Boa parte das dificuldades da companhia no mercado internacional se deve à falta de parcerias com empresas aéreas do exterior, que facilitam a captação e a distribuição de passageiros. Agora, com os cortes da malha internacional, conquistar parceiros ou mesmo entrar numa aliança de companhias aéreas pode ficar mais difícil. Enquanto isso, a TAM deve acelerar sua consolidação na Europa e nos Estados Unidos com sua iminente entrada na Star Alliance.

Outro obstáculo para a Varig no mercado internacional é a escassez de aeronaves disponíveis para aluguel imediato no mercado. A solução encontrada foi usar provisoriamente jatos 767-300 que estavam desatualizados. A maioria tem poltronas estreitas e não oferece muito em termos de entretenimento de bordo, como filmes em telas pessoais.

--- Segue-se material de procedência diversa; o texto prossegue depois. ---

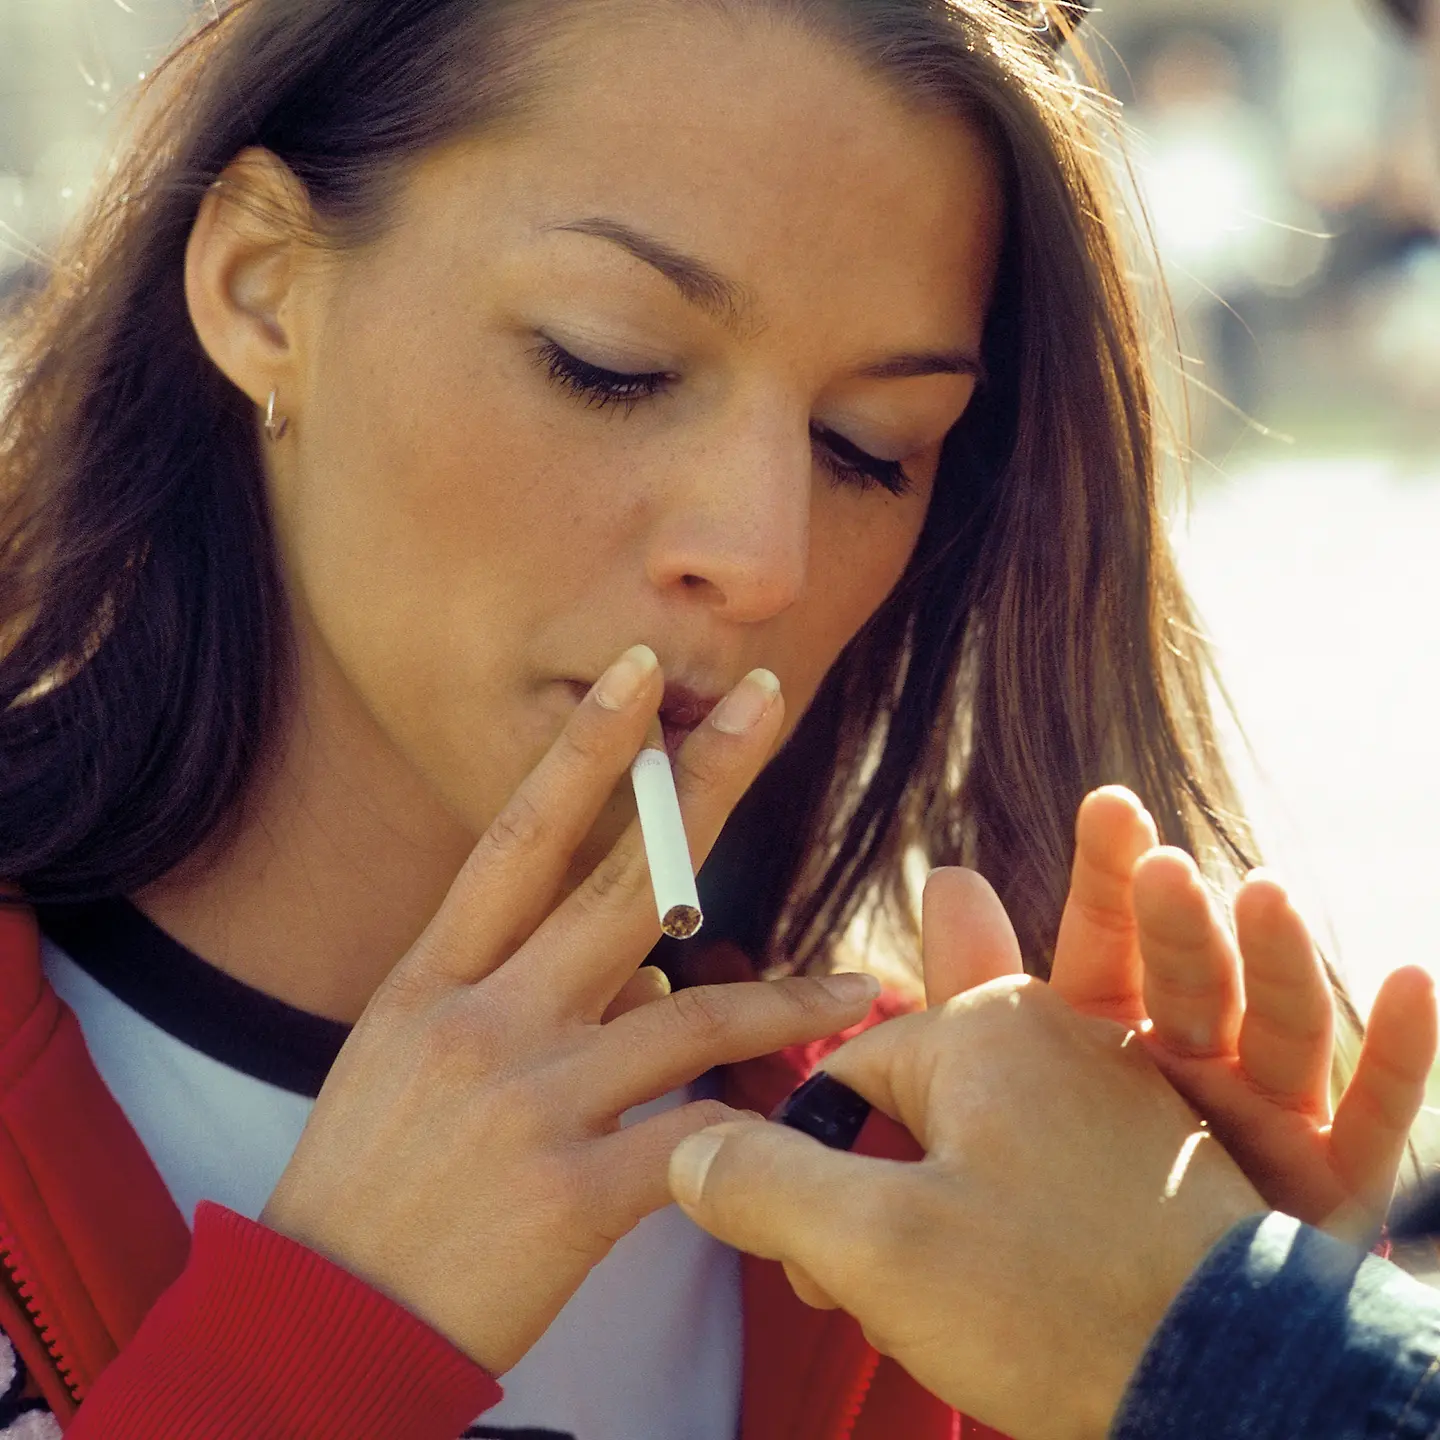 Eine junge Frau lässt sich Feuer für ihre Zigarette geben

No mercado doméstico, a limitação no uso de Congonhas atingiu em cheio um dos grandes trunfos na compra da Varig: o alto número de "slots" (horários de pousos e decolagens) que a antiga empresa da Fundação Ruben Berta detinha no aeroporto. A demora do Cade em avaliar a venda da companhia para a Gol impede a integração das operações e o melhor aproveitamento das frotas de cada bandeira do grupo.

Ao contrário das previsões feitas no fim de 2006, a Gol ainda não se tornou líder de mercado nem com a compra da Varig. Para ultrapassar a TAM no mercado doméstico, apenas com as aeronaves que já possui hoje, o grupo Gol precisaria ter uma média de 77% dos seus assentos preenchidos, ou quase dez ponto percentuais a mais do que obteve durante o ano de 2007.

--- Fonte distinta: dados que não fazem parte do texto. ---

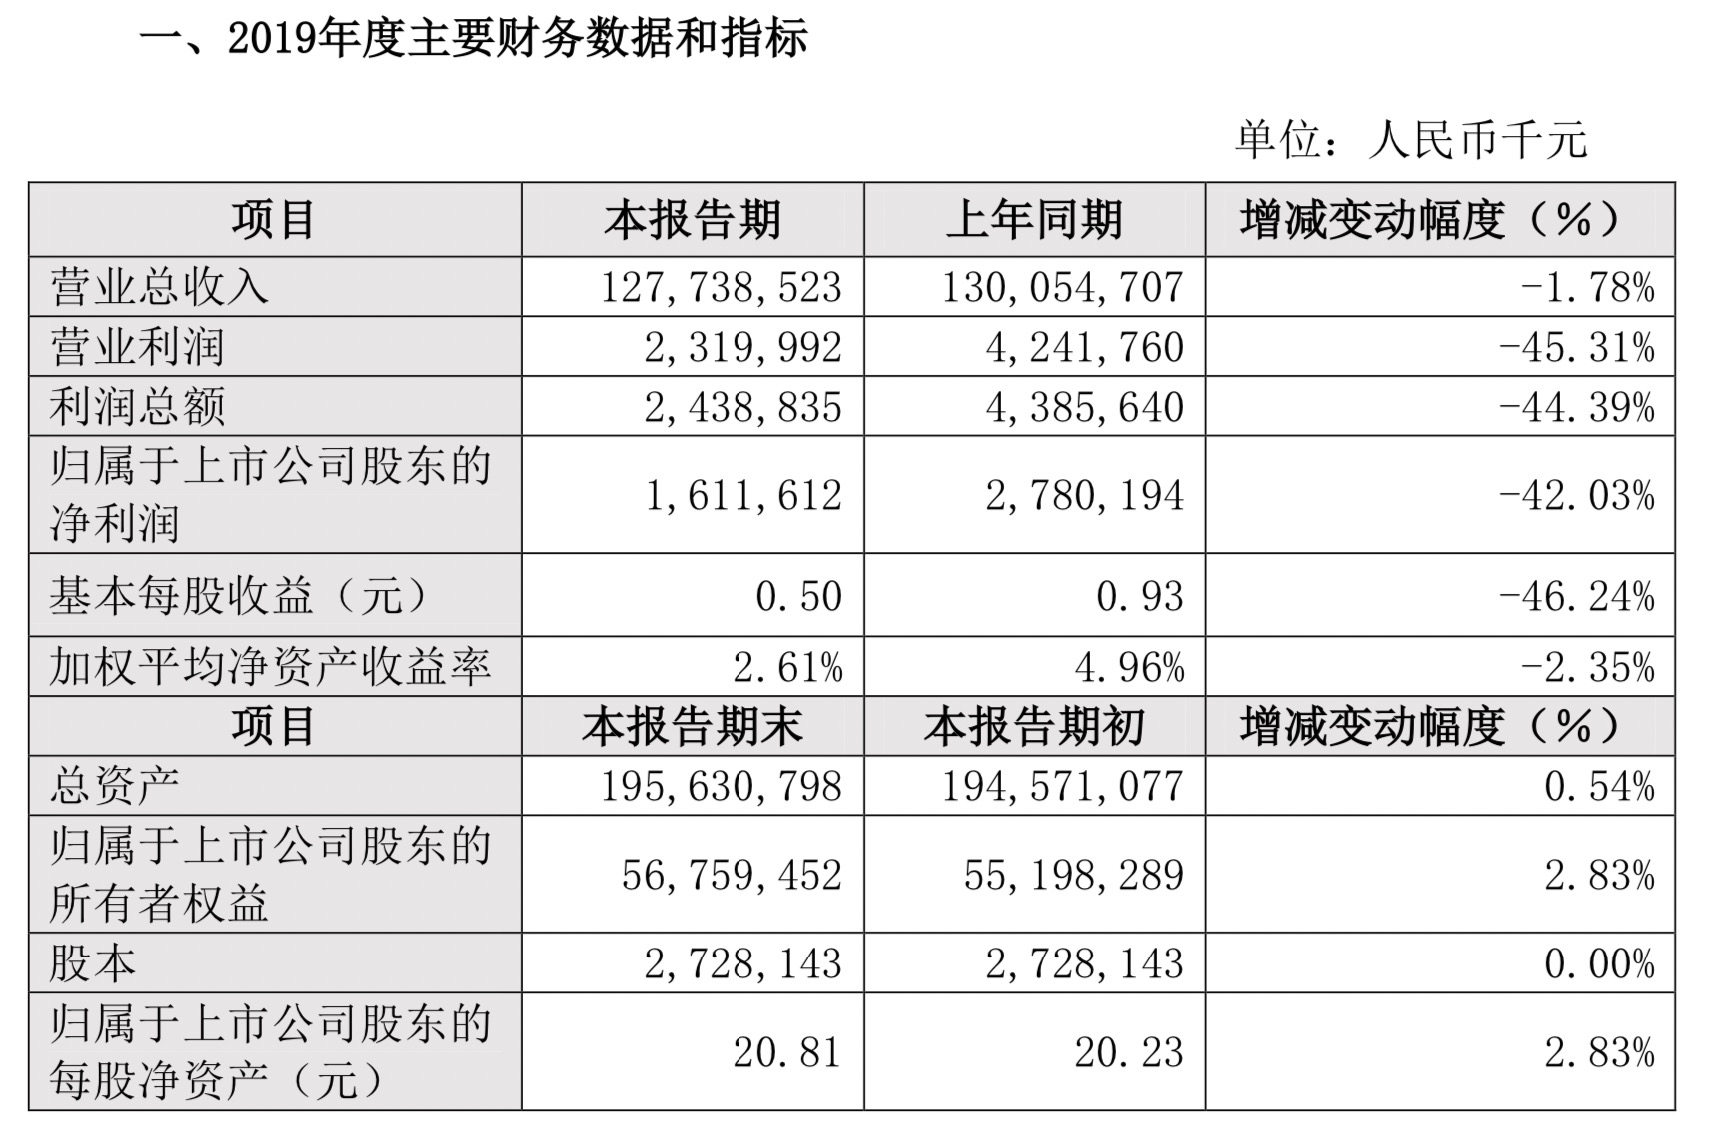 比亚迪2019年营业收入1277.39亿元 同比下降1.78%

Apesar dos inúmeros desafios, seria ingenuidade apostar na estagnação das empresas da família Constantino. É raro encontrar caso semelhante de uma companhia aérea que, com sete anos de idade, tenha mais de 43% de um mercado grande como o brasileiro e esteja entre as mais valiosas de seu setor em todo o continente americano.